The FBI has agreed to help Bangladesh investigate an audacious $81 million theft from the nation's foreign reserves, authorities said Sunday, days after the finance minister accused central bank officials of complicity in the heist.
A FBI official in Dhaka met with representatives from Bangladesh's Criminal Investigation Department and offered to assist with the investigation into the spectacular cross-country theft.
"Both the FBI and the CID have agreed to work together since it's a transnational organised crime and transnational criminal networks are involved," Md. Saiful Alam, deputy inspector general of CID, told AFP.
There was no immediate comment from the FBI. Hackers stole the money from the Bangladesh Bank's account with the Federal Reserve Bank of New York on February 5 and managed to transfer it electronically to accounts in the Philippines.
The audacious cyber-theft has embarrassed the government, triggered outrage in the impoverished country and raised alarm over the security of the Bangladesh's foreign exchange reserves of over $27 billion.
The central bank governor, his two deputies and the country's top banking bureaucrat lost their jobs following the theft and the government has been scrambling to contain the damage from the spiralling scandal.
Police said Bangladeshi investigators were planning to travel to the Philippines, Sri Lanka and the Federal Reserve Bank of New York as part of the transnational probe into the heist. However, investigators say local hackers were likely involved in the theft.

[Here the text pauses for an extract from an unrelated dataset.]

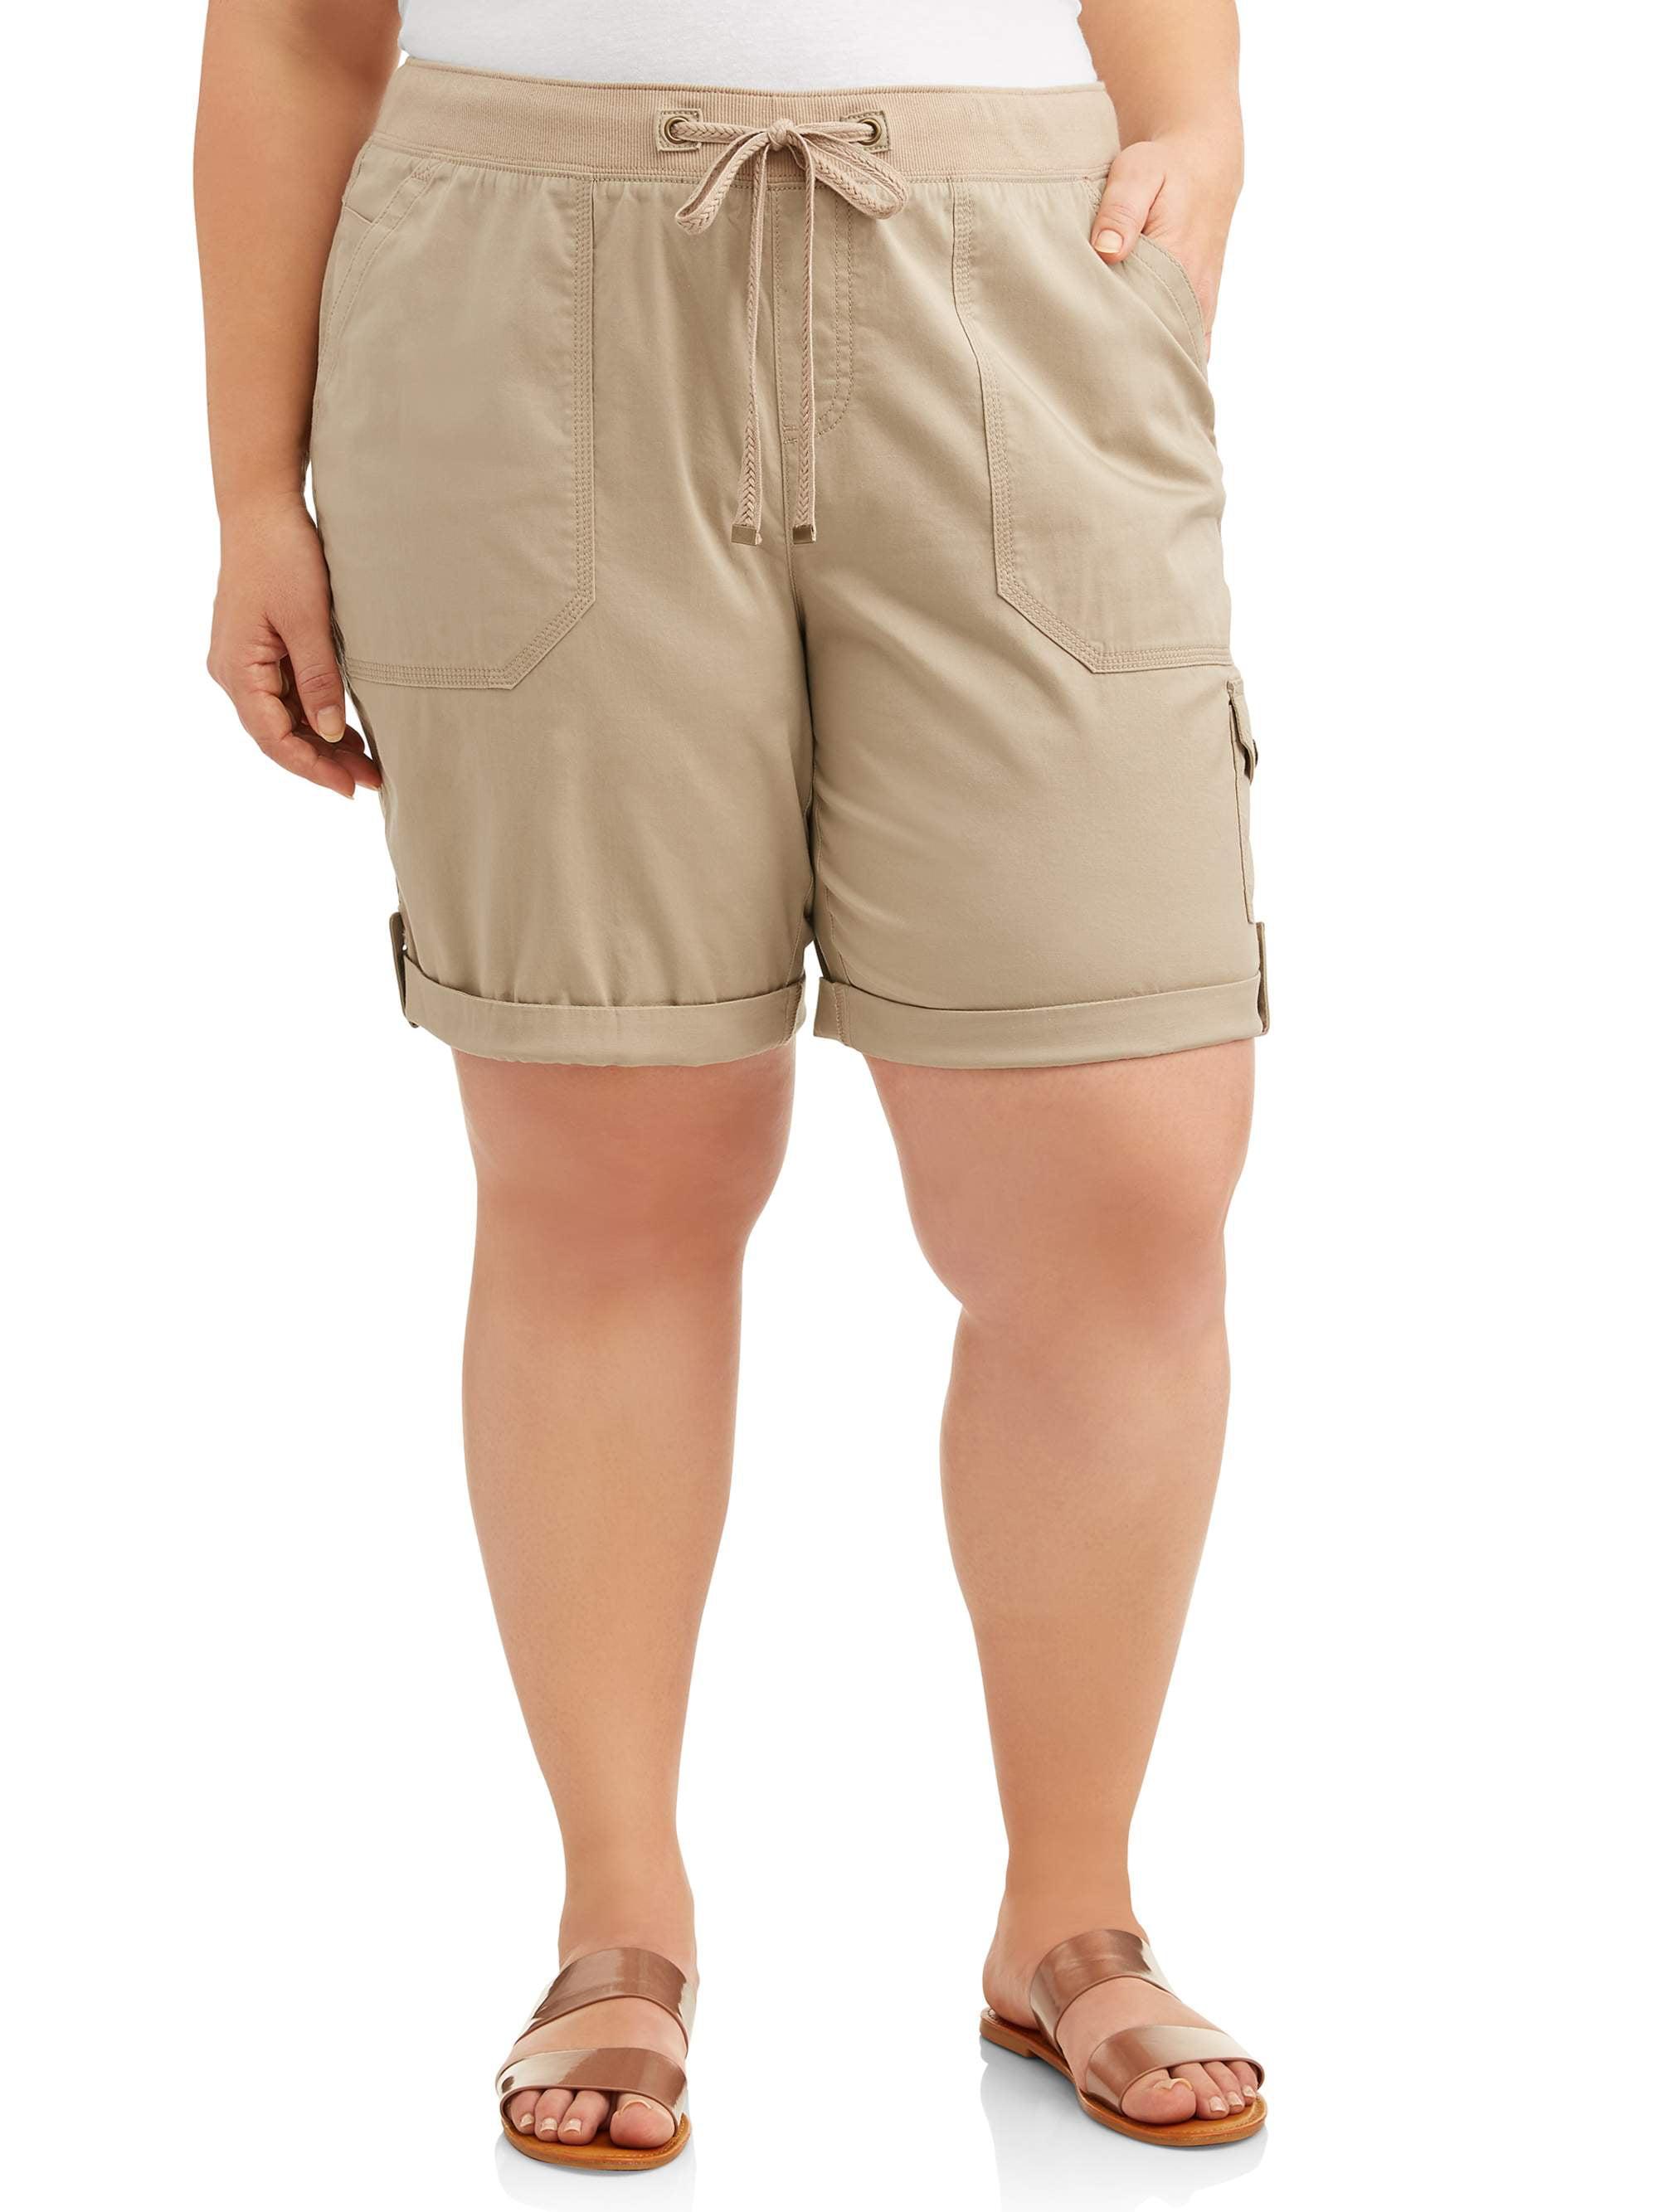 Women's Plus Size Cargo Shorts

"We suspect some local people are involved in the crime. The names of local development projects were used in the payment advices sent to the Federal Reserve Bank," Alam said. "This has raised our suspicion that there could be some local links."
In a damning interview published on Friday, the country's Finance Minister A.M.A Muhith told the Bengali-language daily Prothom Alo that Bangladesh Bank officials were "100 percent" involved in the scandal.
"Of course! One hundred percent they are (involved). This cannot be possible without complicity of the locals," the newspaper, which has the highest circulation of any in Bangladesh, quoted Muhith as saying.
Muhith said the New York bank requires hand prints and other biometric information from central bank officials to activate transactions, appearing to suggest the hackers could not have carried out the attack without inside help.